Ai’s first year at sea was a slow drowning. Not in water, but in hunger, exhaustion, and pain. It began in Kaiju Bay, the wind pushing the ship out of Sakana Cove like a reluctant offering to the waves. She stood at the rail, gripping the splintered wood, watching the land shrink into a jagged line before the mist swallowed it whole. No way back. No shore to run to. Just the heaving body of the Charybdis Sea, stretching out in every direction like a hungry god.

The ship was a rotting beast, stitched together with rusted nails and prayers. Ai’s place was deep in its belly, wedged between sweating bodies in the dark. Her bed was a sagging hammock strung between beams crawling with salt rot. The air stank—of mold, unwashed flesh, and the rank ghost of old meals. She learned to sleep in shifts, curling around her knife, listening to the creaks in the wood, to the muttered curses and snores of men who could turn violent in the dark.
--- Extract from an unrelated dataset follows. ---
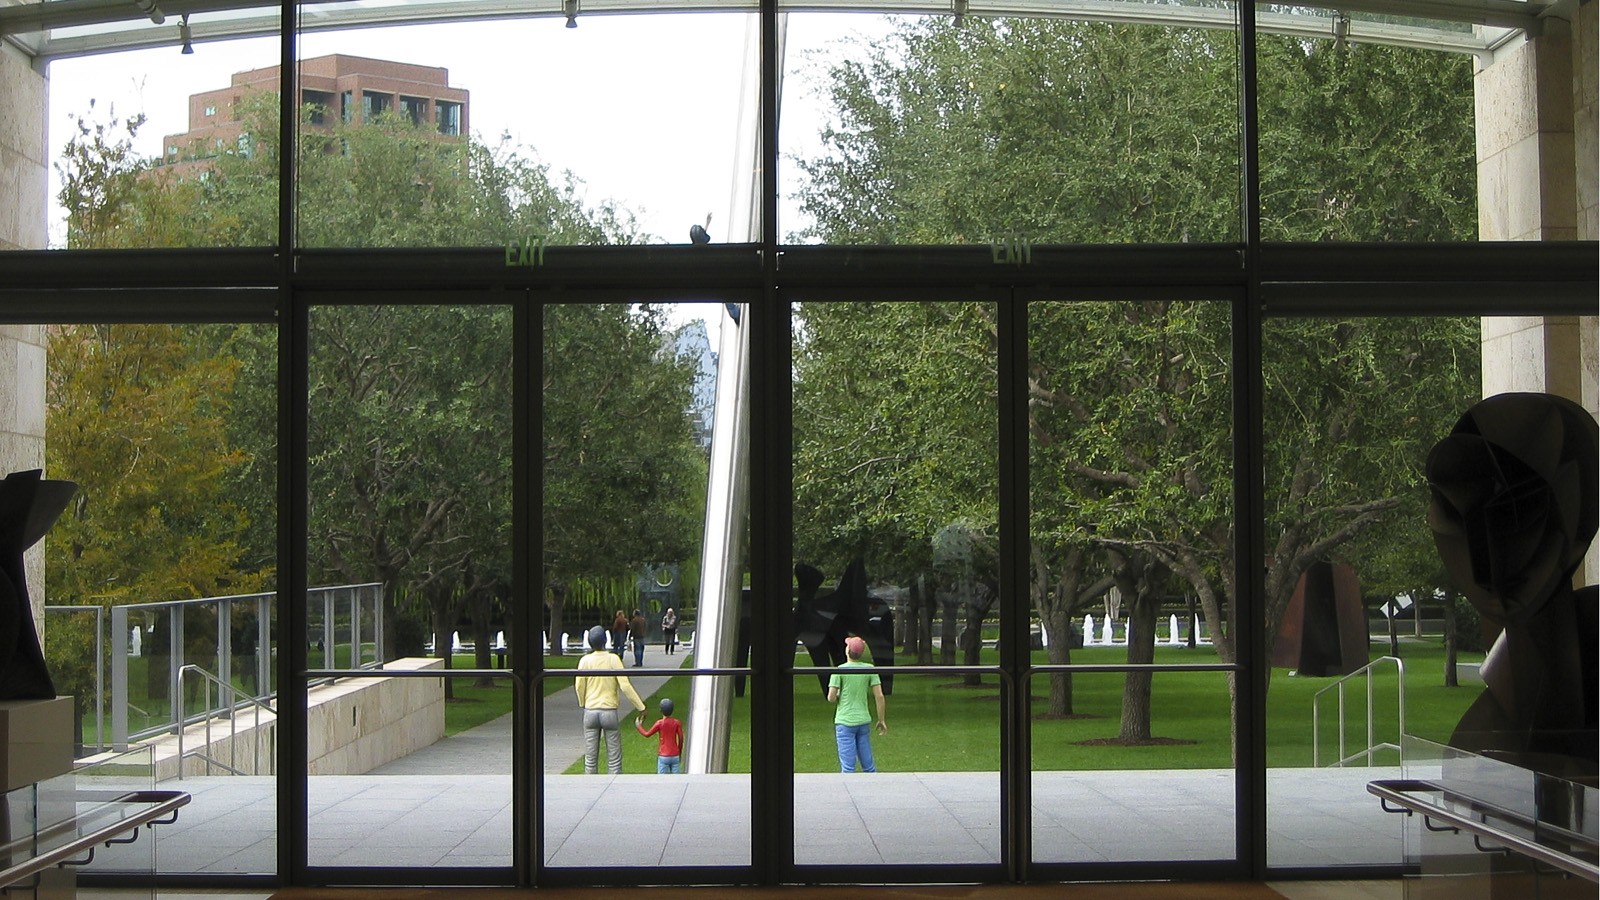 View of Nasher Sculpture Garden from inside the museum

Work started before the sun rose and ended long after it fell. She scrubbed the deck until her knuckles bled, hauled ropes until her fingers blistered, climbed the mast with arms that trembled from lack of food. The first weeks, her body rejected the sea. She vomited until there was nothing left, then dry-heaved until she thought she’d tear apart. The others laughed. The sea didn’t care.

Roderic ran the galley like a king of filth. He was fat and yellow-toothed, with hands that never stopped reaching. He doled out food as punishment or reward, giving her the worst scraps. The hardtack was riddled with weevils. The salted fish stank of something long dead. The stew was a grease-slicked slurry of bone and cartilage, thick with an aftertaste of rot. “Eat or starve,” Roderic would sneer, watching her gag it down.

She learned the ship first by pain. By rope burns and split nails, by the whip of the wind and the crack of a bosun’s fist. But she learned the sea through wonder.

They skirted Kelpies Bay. The water there was restless, boiling in places where no wind touched it. Shapes moved beneath the surface—long, sleek bodies, the glint of something too clever to be fish. The sailors muttered prayers, spit into the sea. Ai saw a head rise from the depths—long, equine, black as oil, eyes like twin lanterns. The thing watched the ship for too long, then sank beneath the waves without a sound.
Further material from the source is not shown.